[Opening Supplied data section]
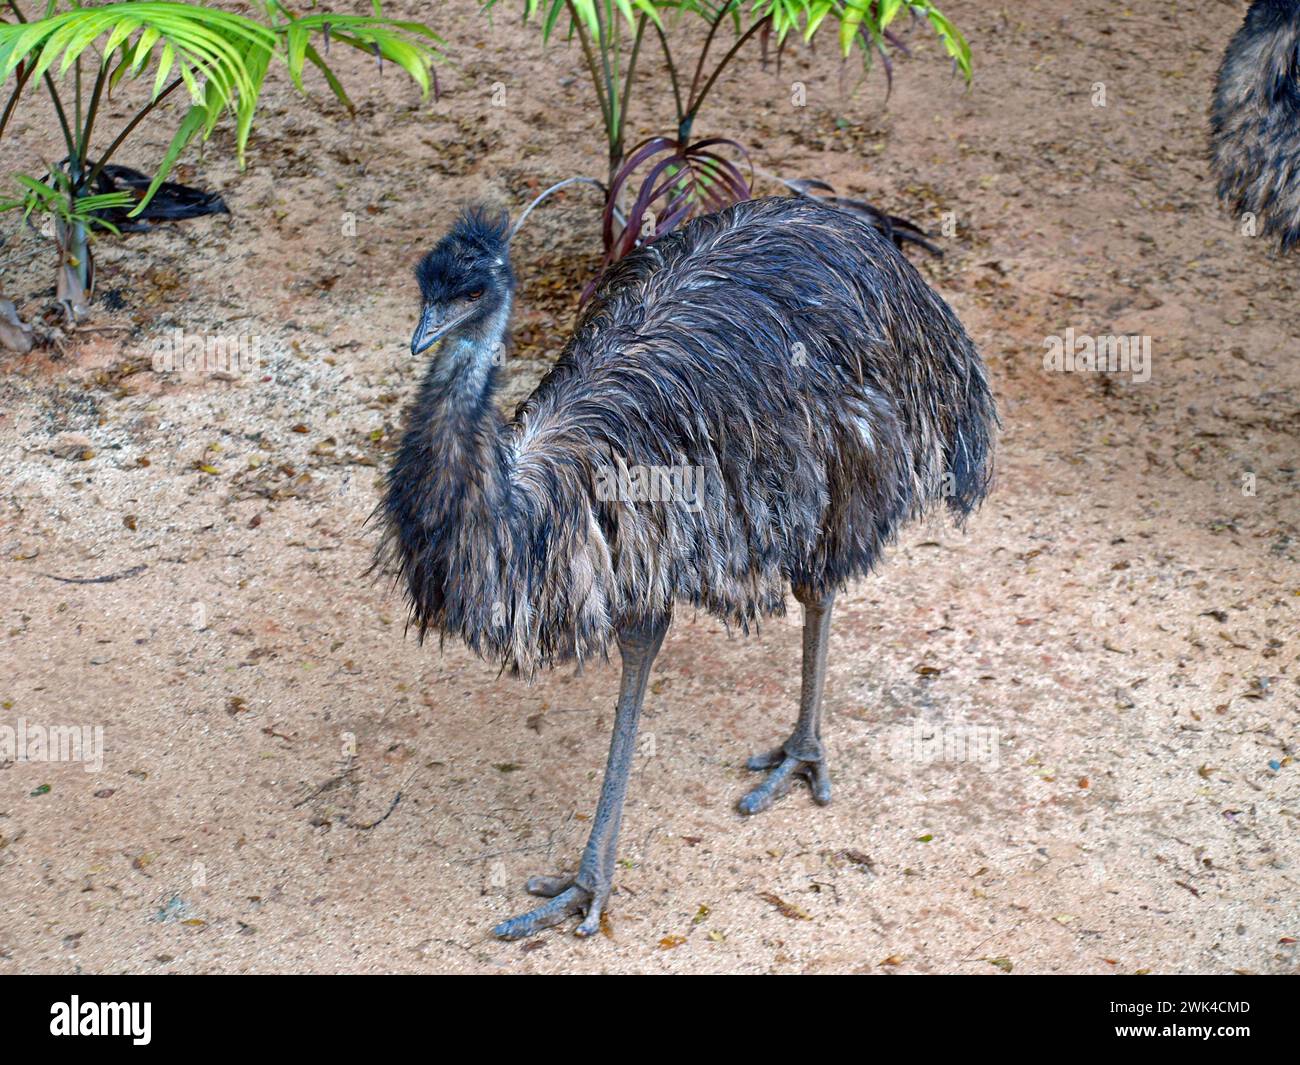 EMU (Dromaius novaehollandiae). Questo è il secondo uccello vivente più alto dopo lo struzzo. Uccello australiano. Foto Stock
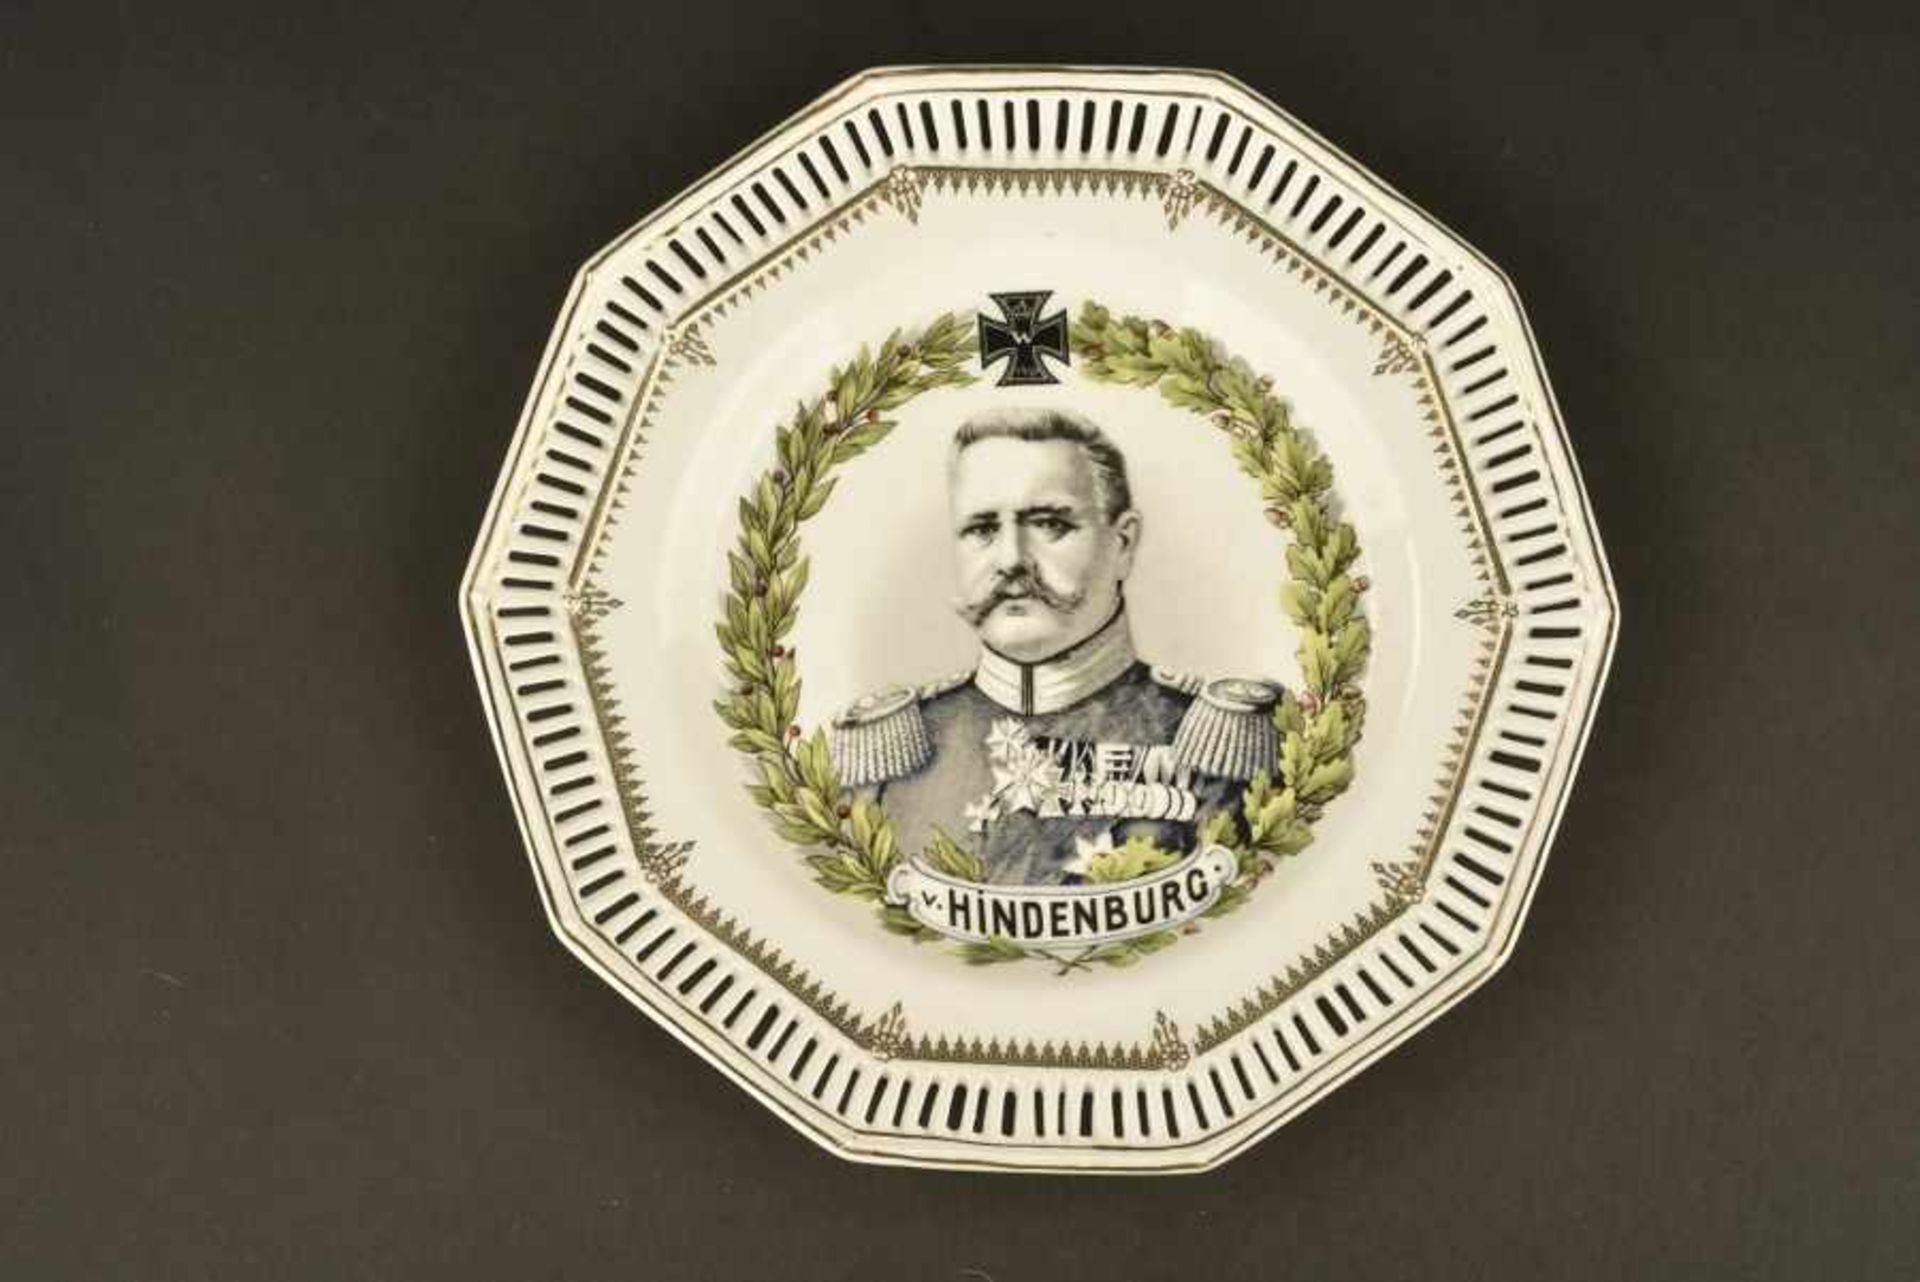 Assiette décorative HindenburgEn porcelaine blanche, bordure ajourée. Portrait central d'Hindenburg.
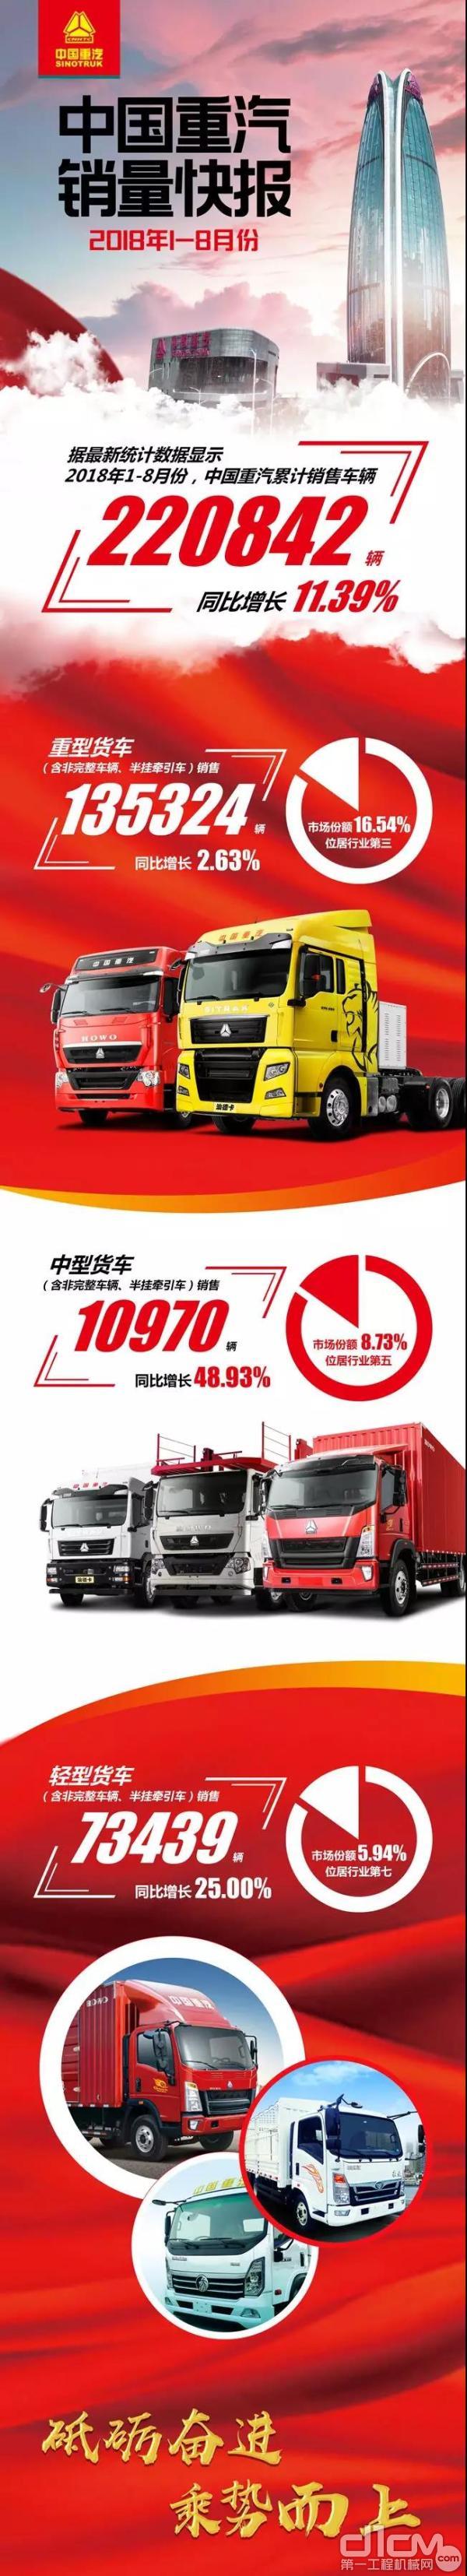 中国重汽2018年1—8月销量快报
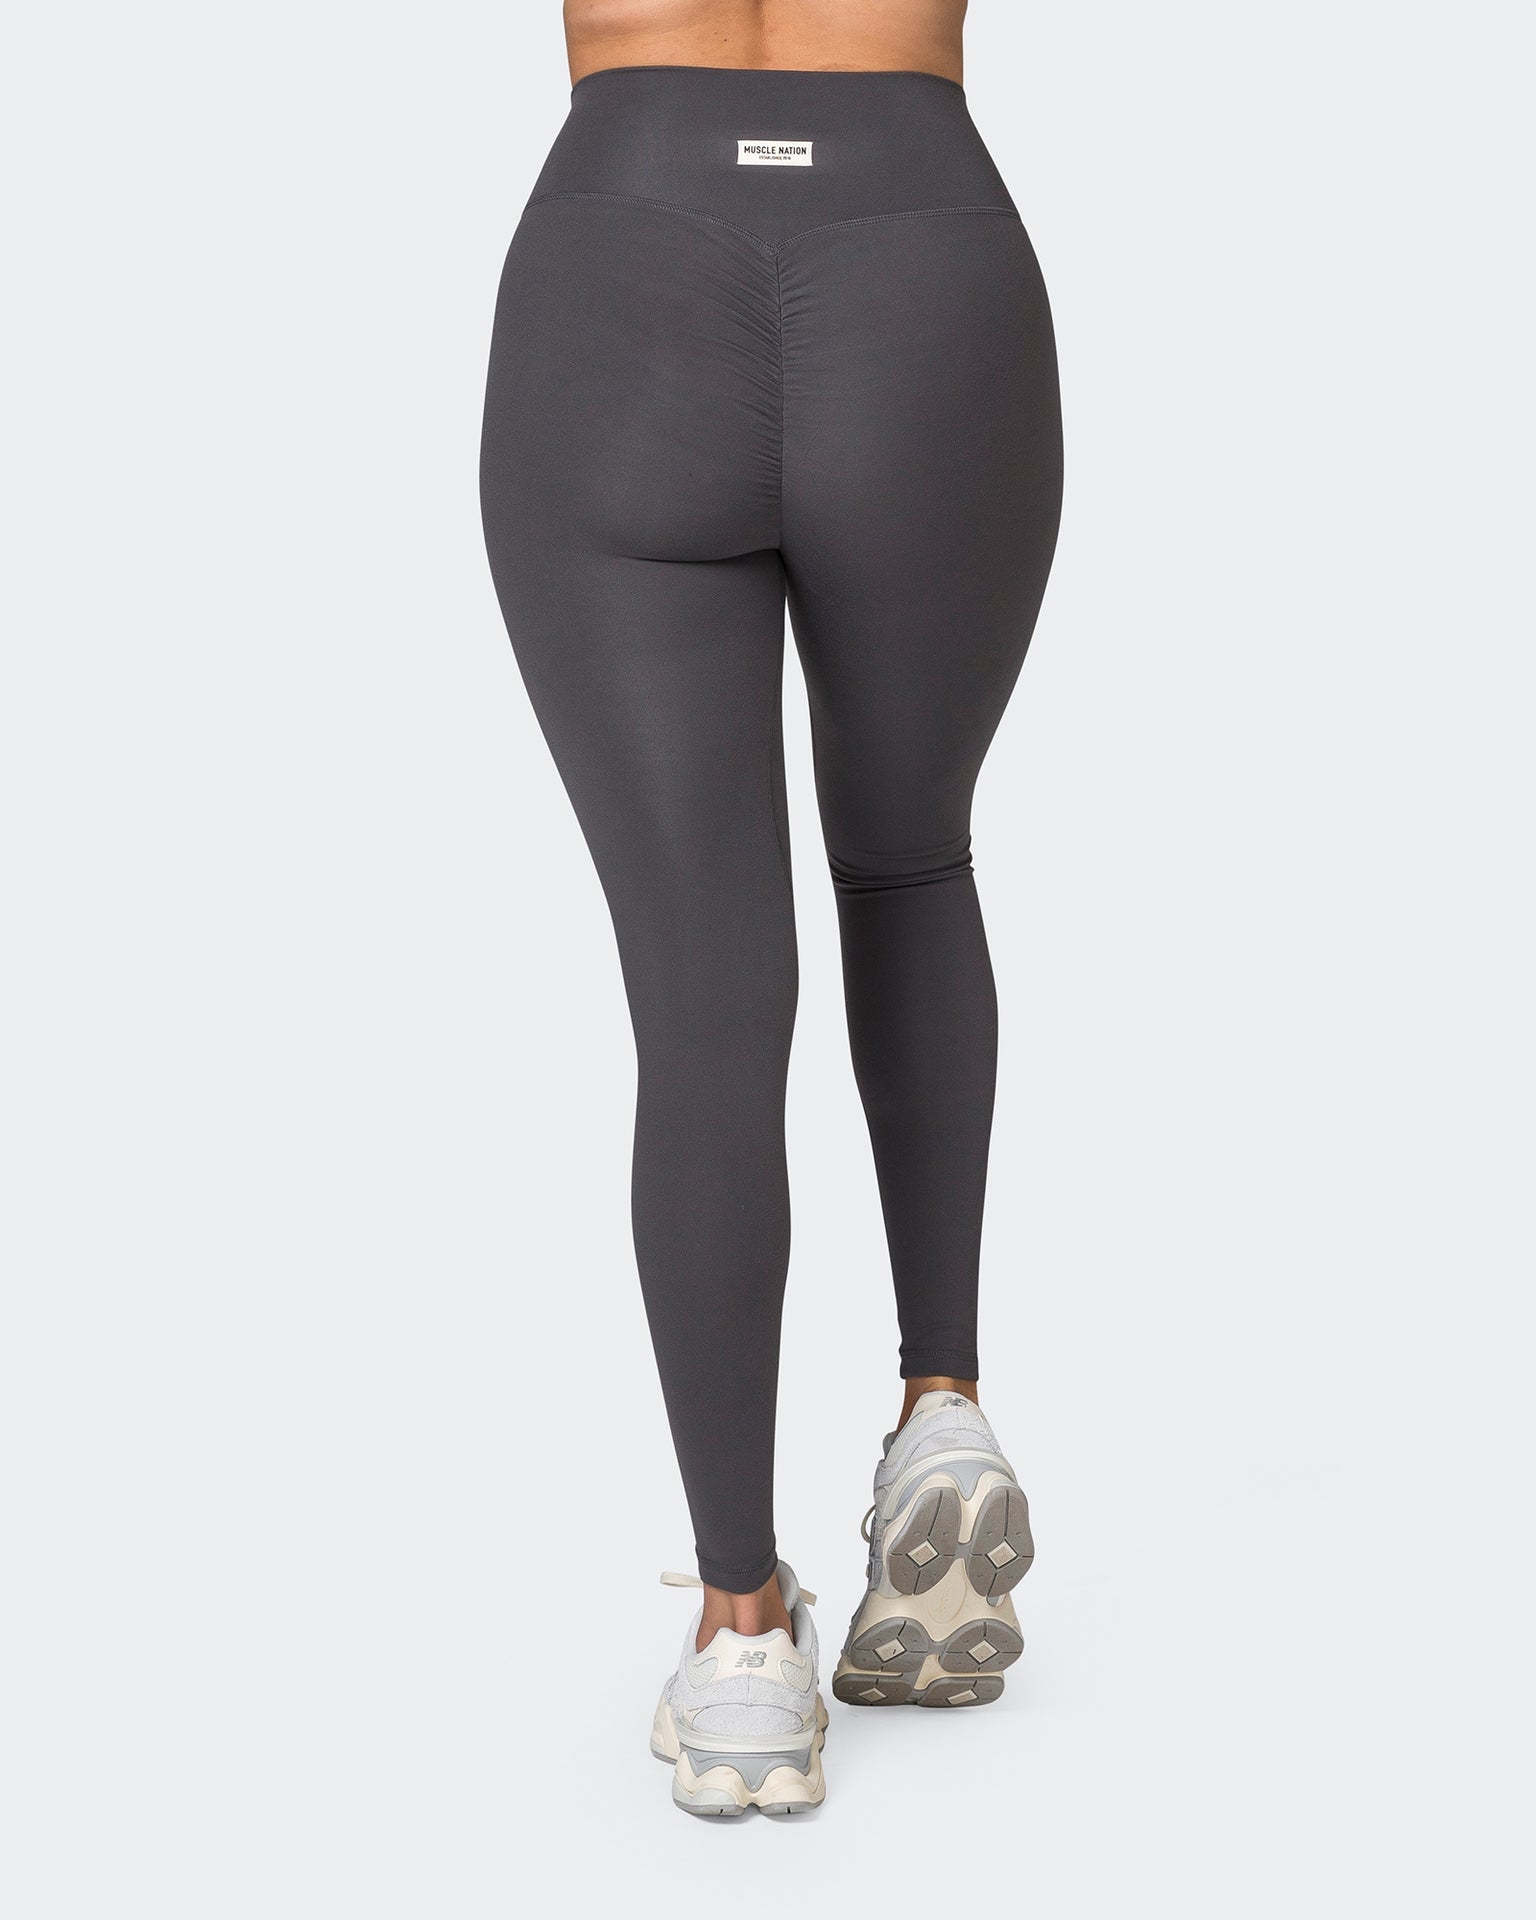 https://www.beactivewear.com.au/cdn/shop/files/muscle-nation-gym-leggings-game-changer-scrunch-full-length-leggings-phantom-38003796541609_1536x1920.jpg?v=1686368021
[Closing Supplied data section]
→ **Task**
The full text of the data above, exact and without pictures, is what to return.

→ **Answer to this task**
 EMU (Dromaius novaehollandiae). Questo è il secondo uccello vivente più alto dopo lo struzzo. Uccello australiano. Foto Stock
 Assiette décorative HindenburgEn porcelaine blanche, bordure ajourée. Portrait central d'Hindenburg.
 中国重汽2018年1—8月销量快报
 https://www.beactivewear.com.au/cdn/shop/files/muscle-nation-gym-leggings-game-changer-scrunch-full-length-leggings-phantom-38003796541609_1536x1920.jpg?v=1686368021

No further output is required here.